[Supplied data — start]
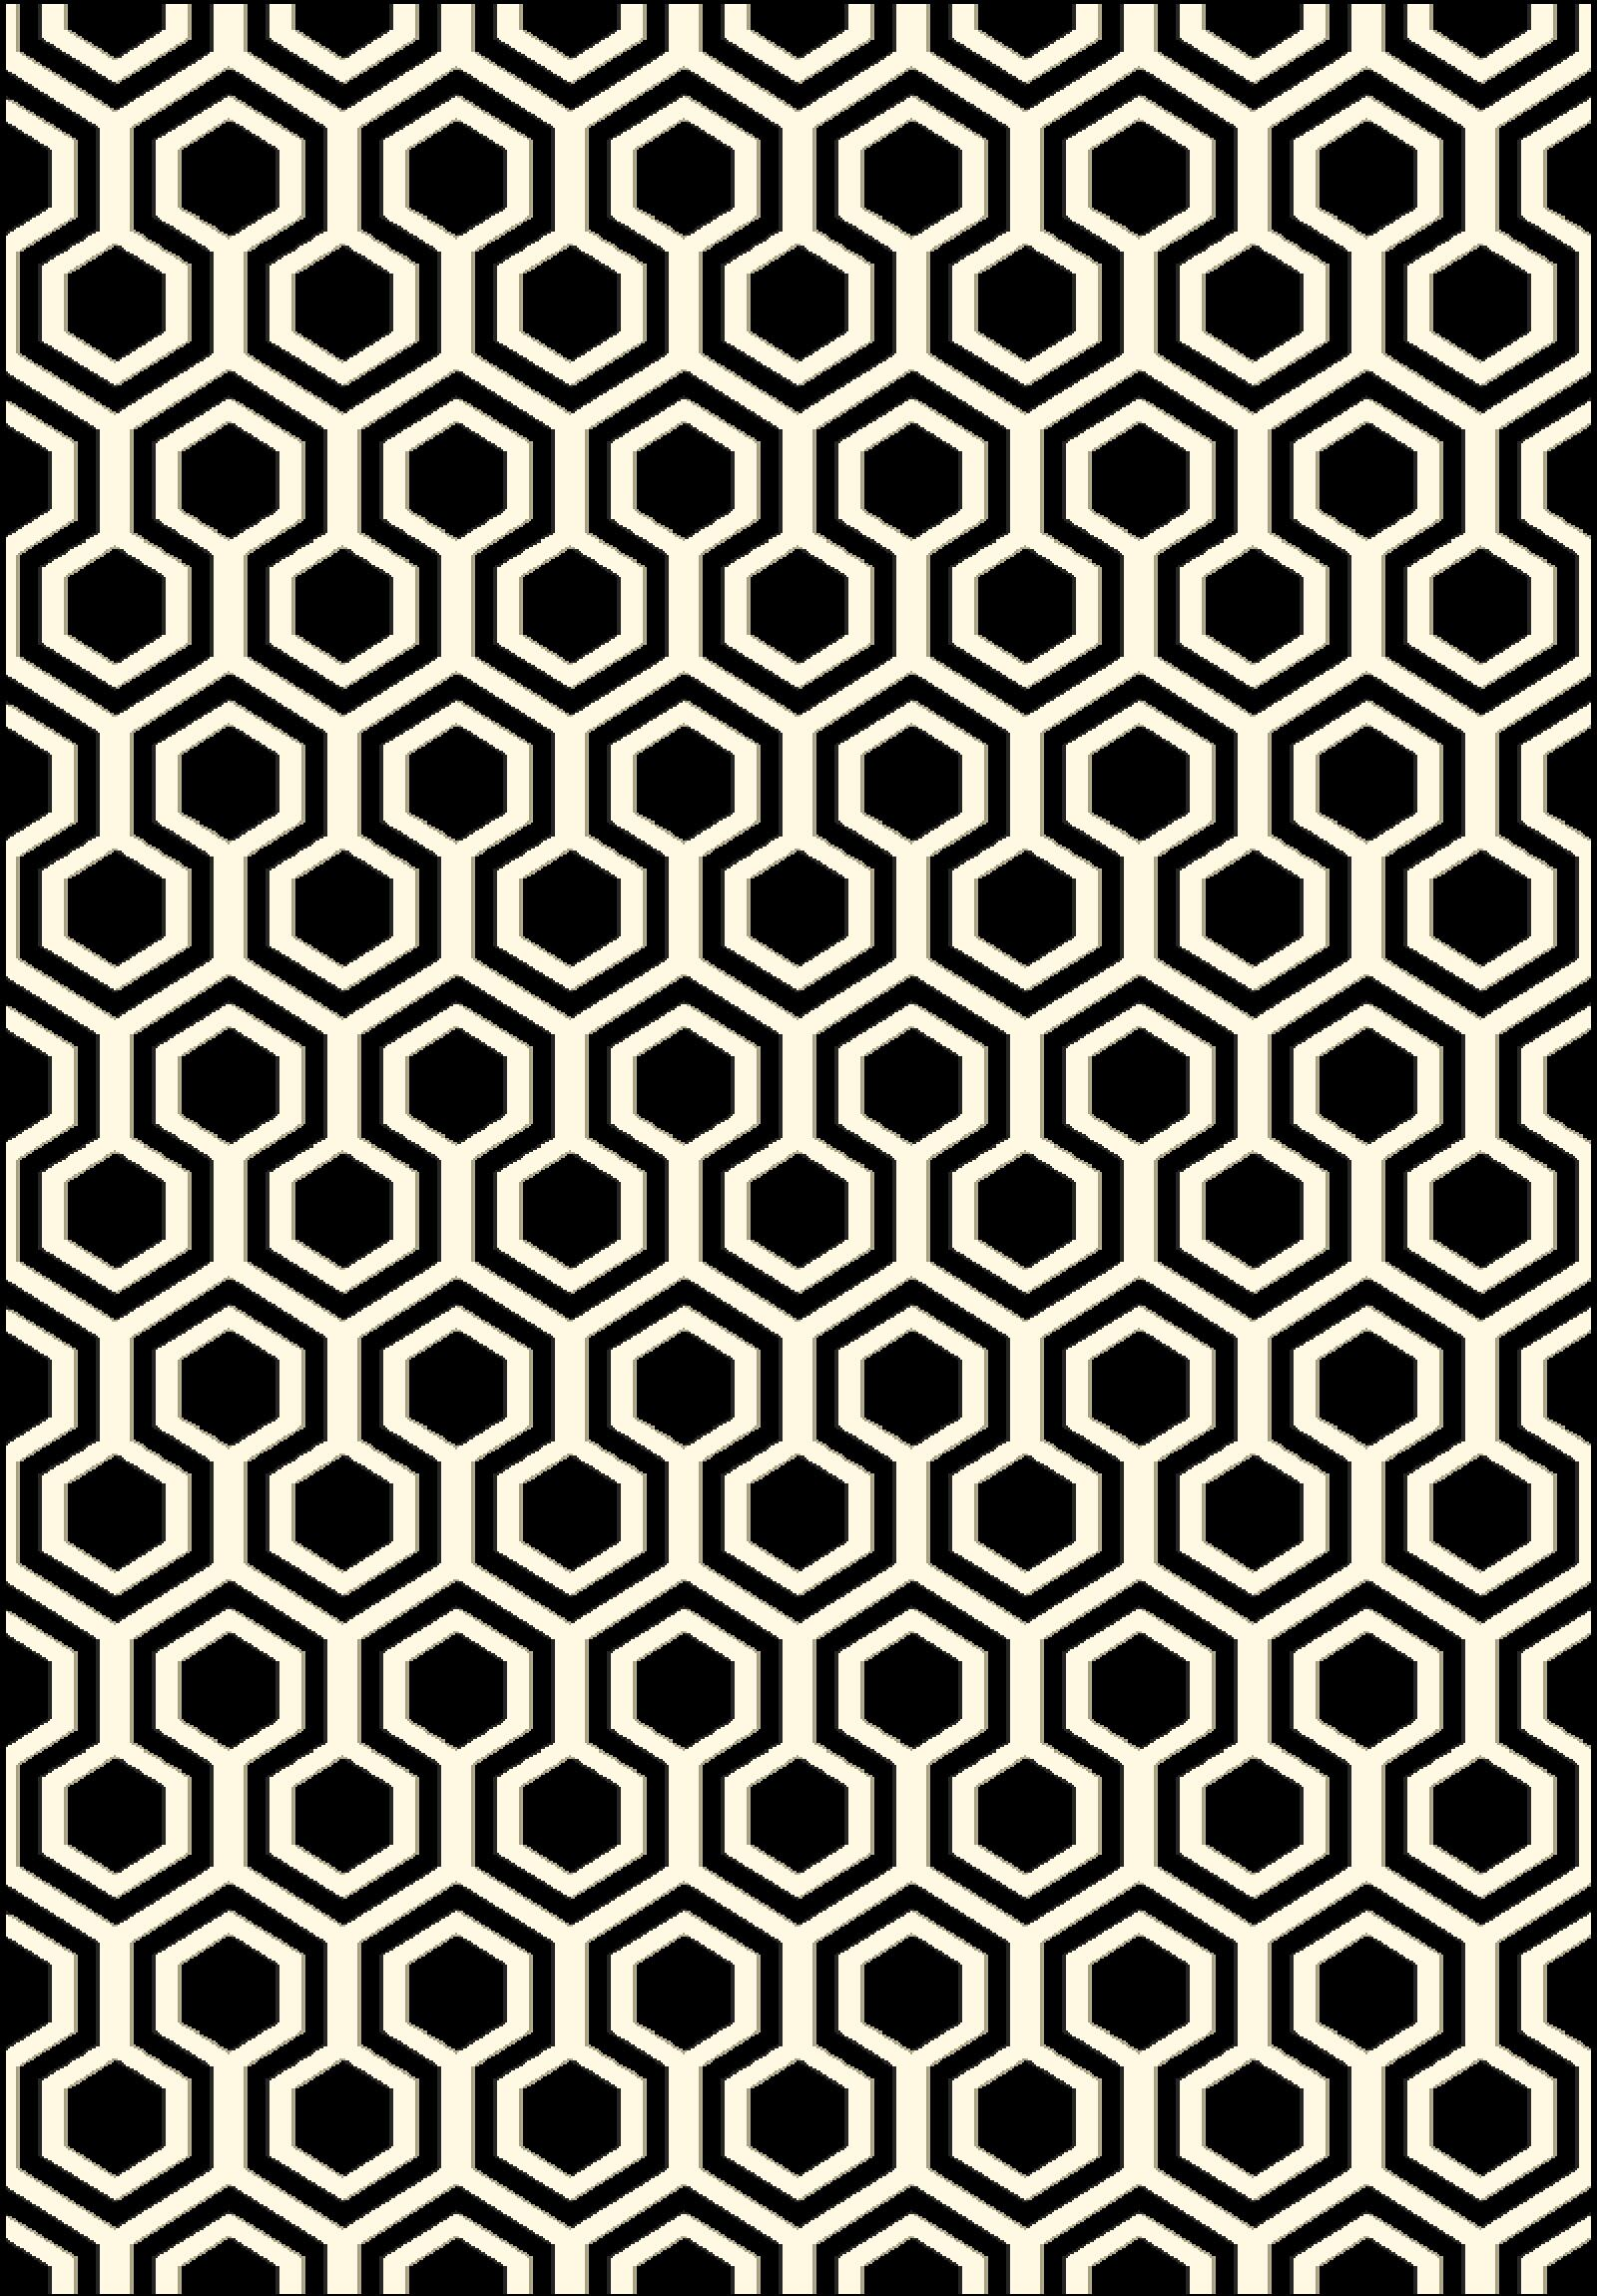 Trend Black Geometric Area Rug Rug Size: Rectangle 2' x 3'7
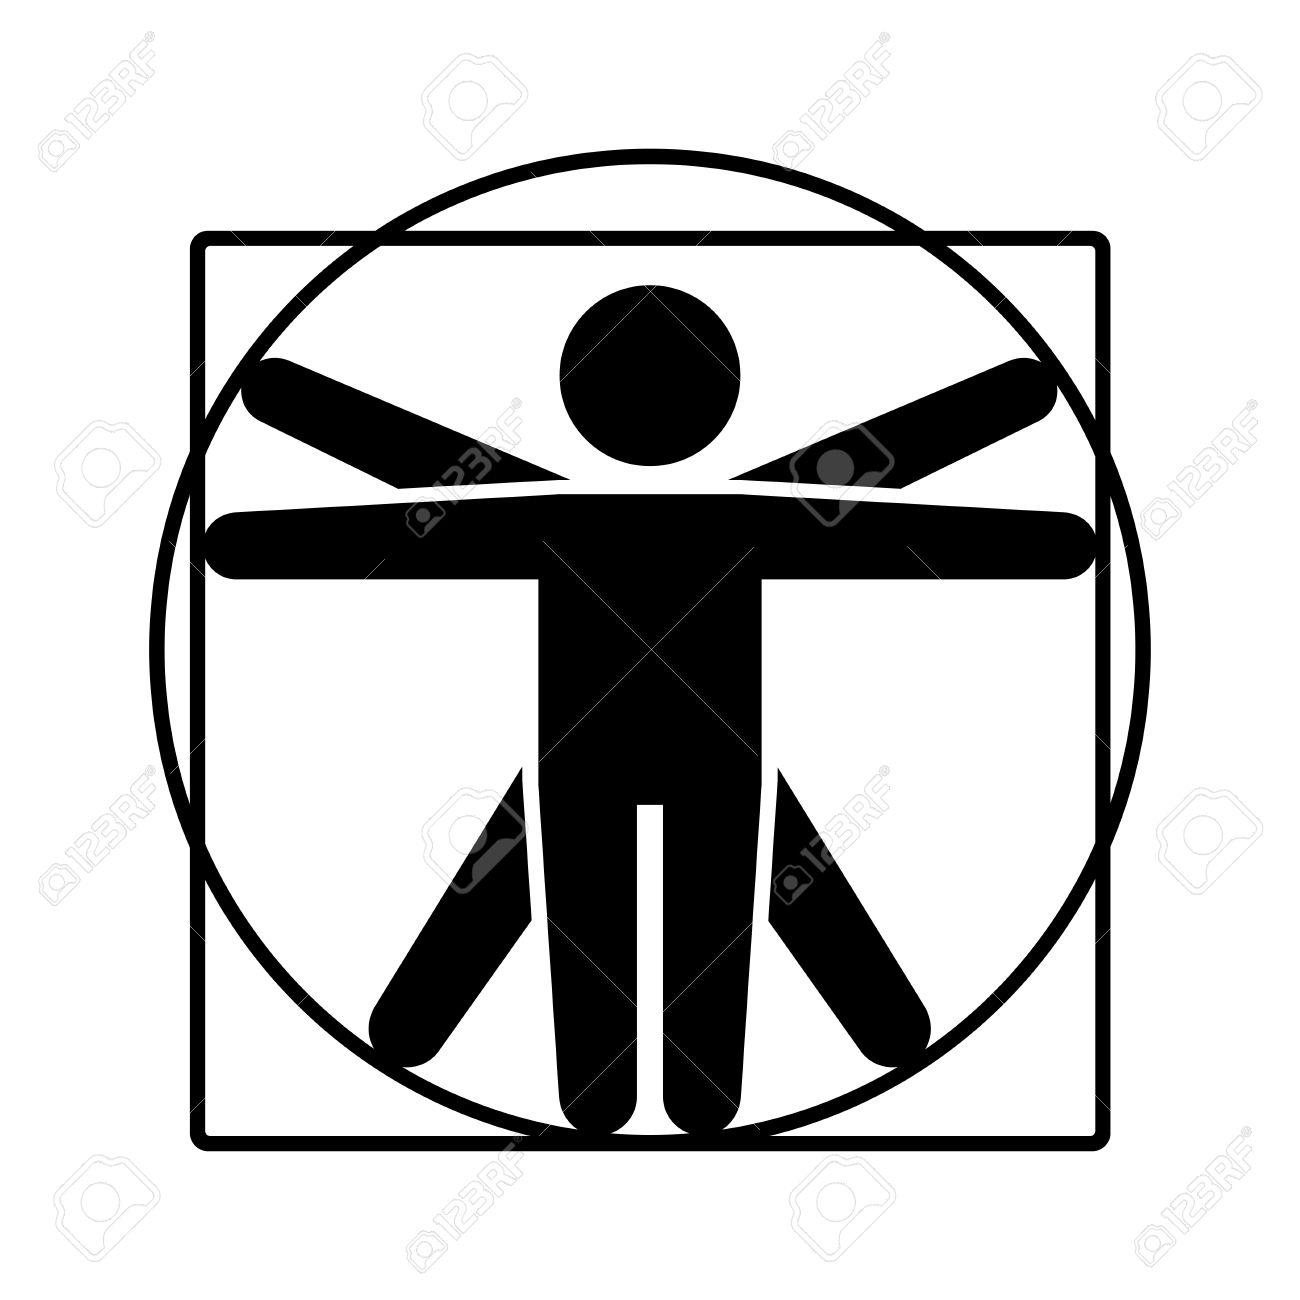 leonardo da vinci vitruvian man sign logo stick style icon rh 123rf com vitruvian man vector file vitruvian man vector free
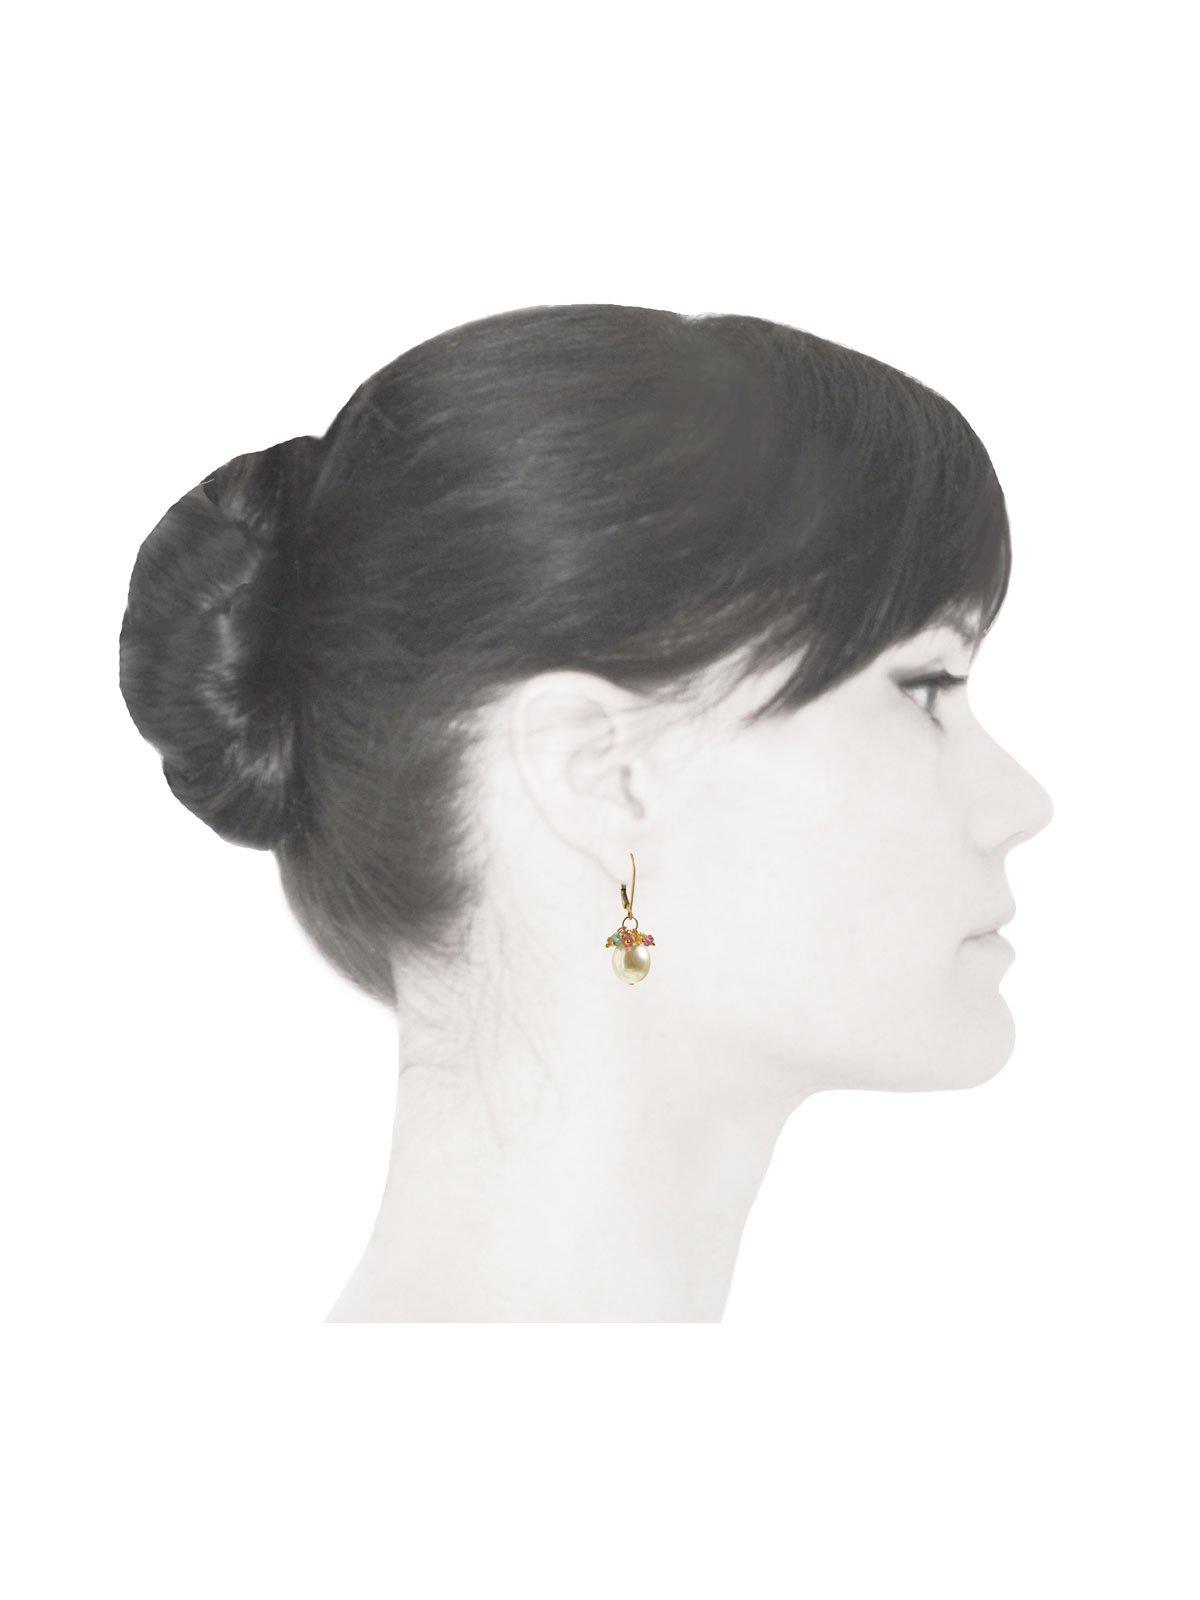 Delanacre Baroque South Sea Pearl Tourmaline Earrings 14K yellow gold
[Supplied data — finish]
#### [What you should do]
Setting the pictures aside, return exactly the lines from the line with "leonardo da vinci" through the last line of the listing above.

#### [Reply to the exercise]
 leonardo da vinci vitruvian man sign logo stick style icon rh 123rf com vitruvian man vector file vitruvian man vector free
 Delanacre Baroque South Sea Pearl Tourmaline Earrings 14K yellow gold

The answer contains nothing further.